In relation, one ingredient from Indian Gentian leaves, Swertia chirata extract, has been found to stimulate the keratinocyte growth factor production in adipose-derived stem cells (ASC) via a cell-to-cell communication between ASC and keratinocytes.104 Indeed, further studies on the role of lipokines and ASC in the management of adipose tissue are warranted.

Recently a class of chemicals called obesogens has been discovered that can directly or indirectly lead to increased fat accumulation and obesity. Obesogens have the potential to disrupt multiple metabolic signaling pathways in a developing organism, resulting in permanent changes in adult physiology. Bisphenol A and phthalates, for example, have been implicated as obesogens although this research is still inconclusive.

Prenatal or perinatal exposure to obesogenic chemicals has been linked to increased fat storage from the beginning of human life, possibly due to altered stem cell compartments preprogrammed toward an adipogenic fate. For example, excess oestrogen or cortisol exposure in the womb or during early life has resulted in an increased susceptibility to obesity later in life.105-110

Finally, adipocyte fetuin-A has been identified as a novel signaling molecule in lipid-induced tissue inflammation. Adipose tissue from obese diabetic patients has shown significantly elevated fetuin-A levels. Macrophage infiltration into adipose tissue and the phenotypic conversion from anti-inflammatory M2 to proinflammatory M1 subtype contributes to a link to inflammation. This opens a new dimension for understanding obesity-induced inflammation.111, 112

Plankton and Plant Solutions

Relative to the management of lipogenesis and adipogenesis, ingredients from the oceans and forests keep offering new solutions. Although it is beyond the scope of this article to cover every new ingredient, a select few are discussed herein.

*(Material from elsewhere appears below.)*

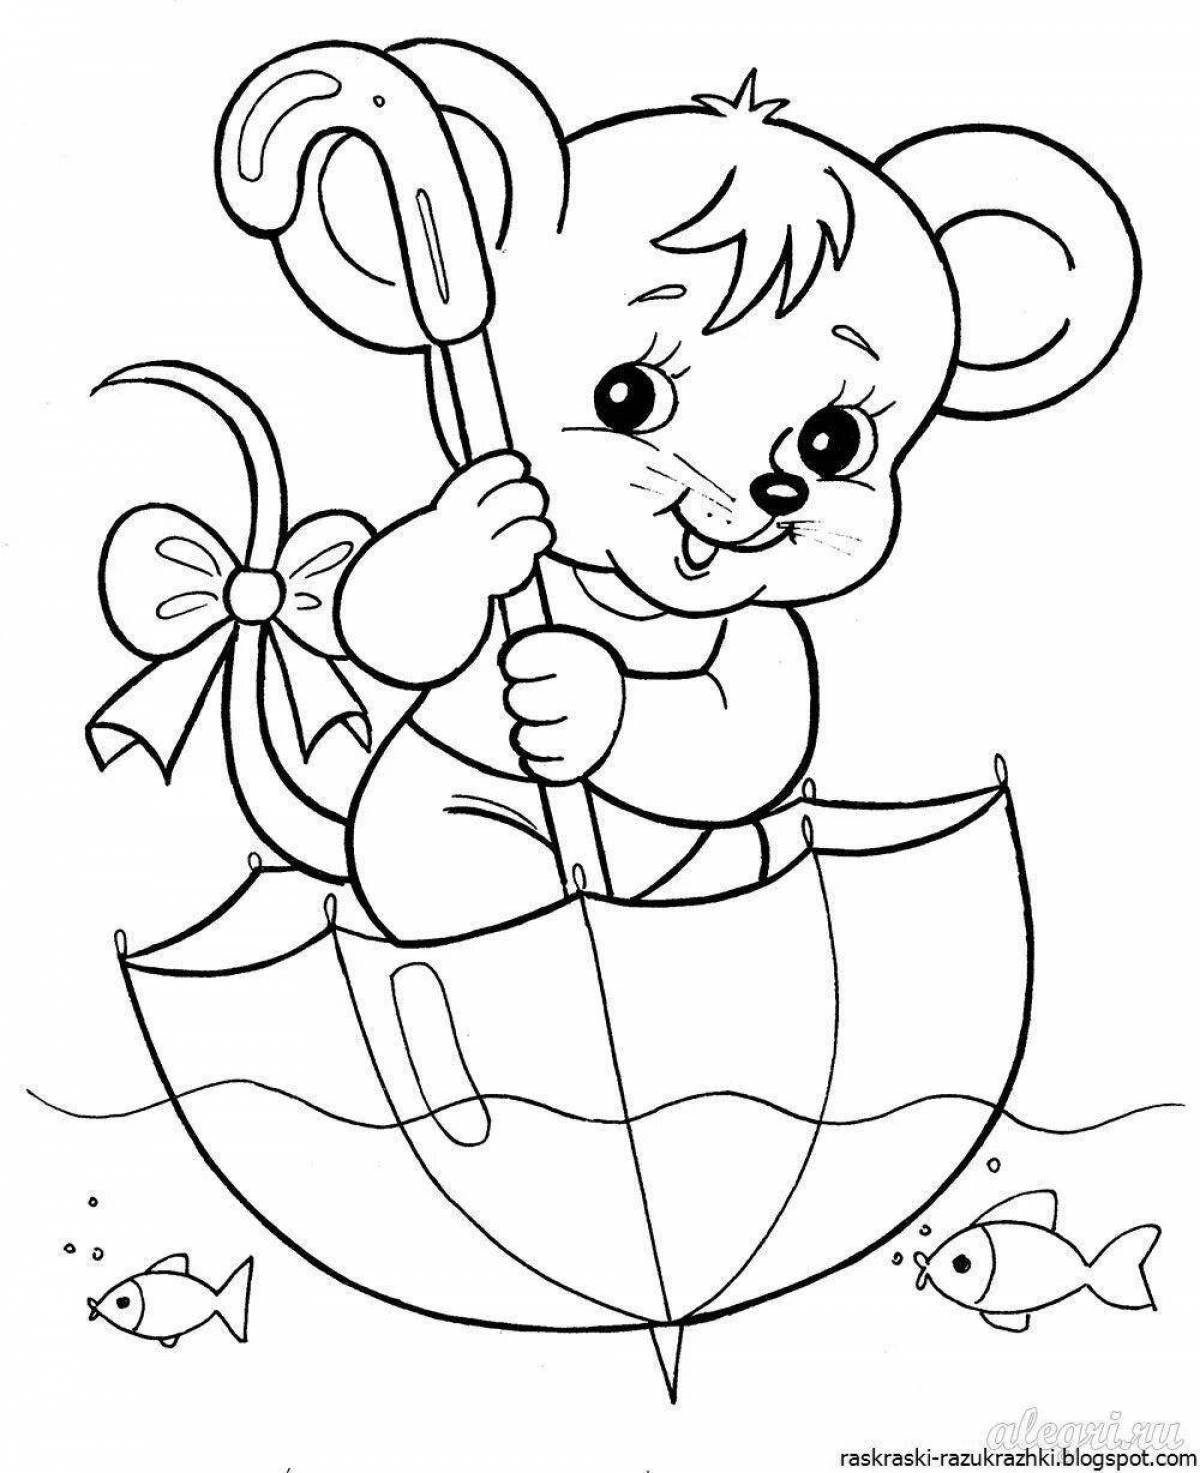 Color-frenzy coloring page for girls 3-4 years old
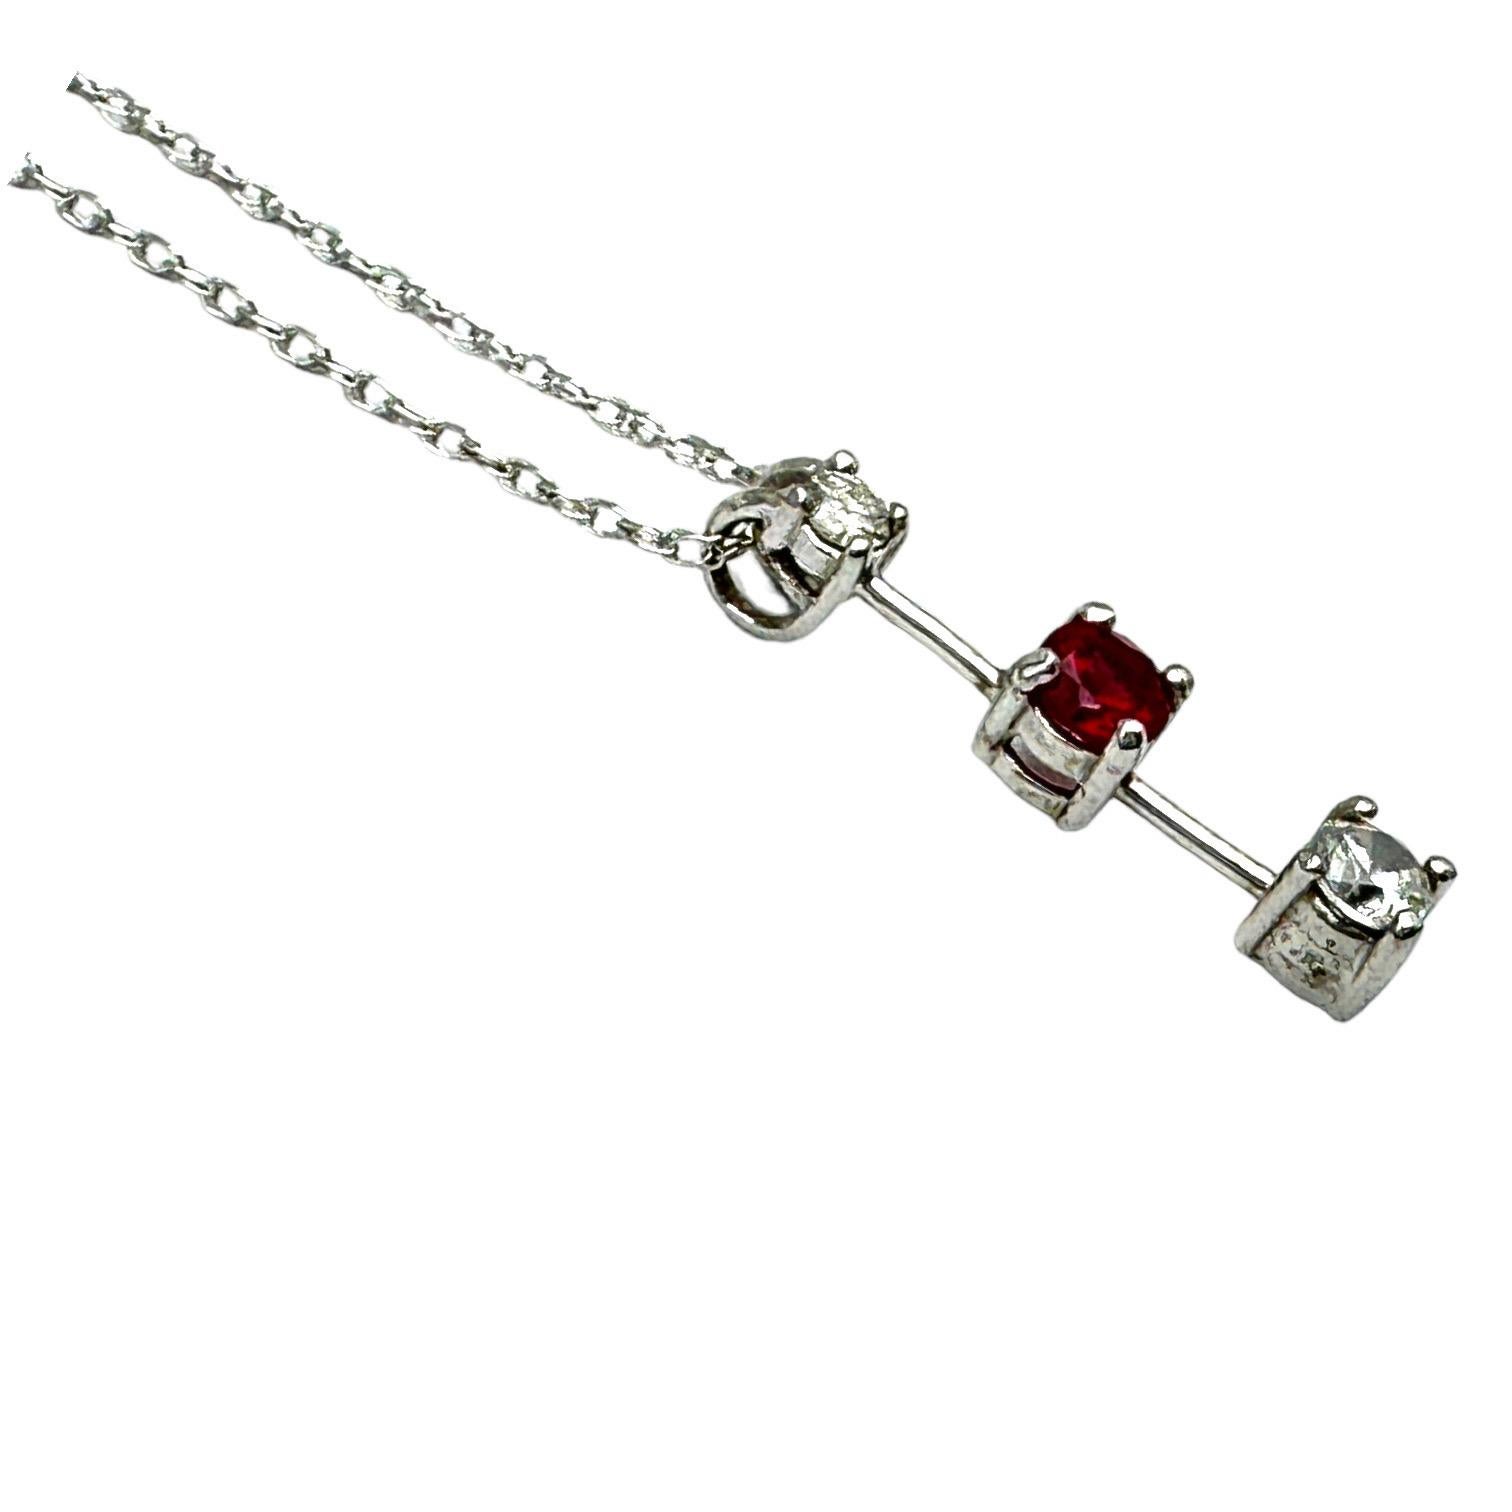 This beautiful pendant features three genuine stones: a .53 carat ruby and two diamonds. Crafted in 14 karat white gold, this stunning pendant is a classic representation of beauty and style. Perfect for any occasion, this pendant is sure to make a

One naturally brominated diaryl ether from a sponge of Dysidea species has been isolated.113 In addition to its antibacterial properties,114 the compound induces adiponectin release from adipose tissue, enhancing the metabolism of type I muscle fibers and mitochondrial activity. This resulted in visible reductions in abdomen contour, as much as 2.8 cm in 28 days, and thighs, up to 2.1 cm in 56 days.115

Exopolysaccharides produced by one plankton target nocturnin in adipocytes via the modulation of circadian rhythms. Especially active during the night, these ingredients provide anti-cellulite, slimming and firming benefits.116

Hydroxycitric acid (HCA), obtained from fruit extracts of Garcinia spp, also shows clinical efficacy against adipose tissue via several biochemical mechanisms: inhibiting ATP citrate lyase and over-expressing leptin, TNF-α, resistin, PPARγ2, C/EBPα and SREBP1c genes in epididymal adipose tissue.30-33, 117 Garcinia lactone, a stable form of HCA, may provide the same benefits due to its in situ conversion into HCA. This aspect warrants further study.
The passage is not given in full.